20% of tech spending to be integrated as a service by 2018

IT Services

by CBR Staff Writer| 04 December 2013

The organisations' requirements to drive innovation and growth along with limited budget drive the spent.

Gartner has predicted that about 20% of the amount spent on new technologies would be for full integration of technology as-a-service platform applications by 2018.

The analysis firm revealed that the organisations' requirements to drive innovation and growth along with limited budget and the mainstreaming of consuming technology as-a-service are creating the perfect condition for integrated platform systems.

Gartner research director Susan Tan said that new technologies such as cloud, mobile, analytics, social, sensors and in-memory computing offer the promise of innovation and creation of competitive advantages.

"However, enterprises face challenges to their adoption," Tan said.

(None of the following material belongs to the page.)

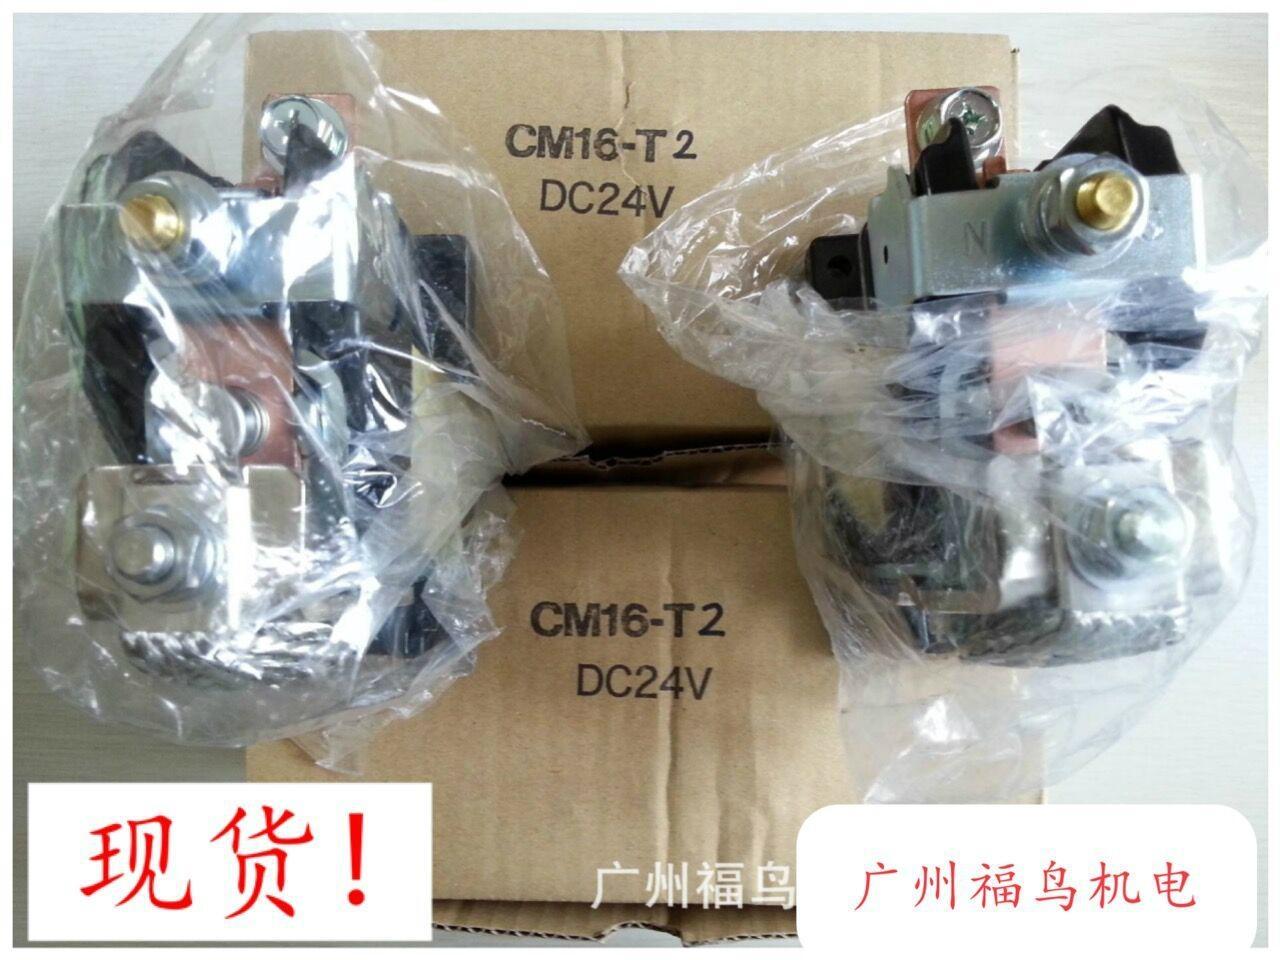 KYORITSU共立直流電磁接觸器, 型號: CM16-T2

"Organisations still struggle with tight budgets and inflexible legacy systems, and many organizations lack resources, skill sets, appetite and time to adopt these new technologies in a conventional manner.

"Traditional implementations that take months and years to build cannot be agile enough to keep up with changing technologies or respond quickly to fleeting market opportunities.

"Besides, there are so many new technologies coming down the pike -- many of which are promising but still."

According to report from Gartner, the integrated platforms offered by IT service providers for specific business problems and are aimed at growth and innovation, rather than cost savings, and are delivered as software-as-a-service (SaaS) or business process as-a-service (BPaaS).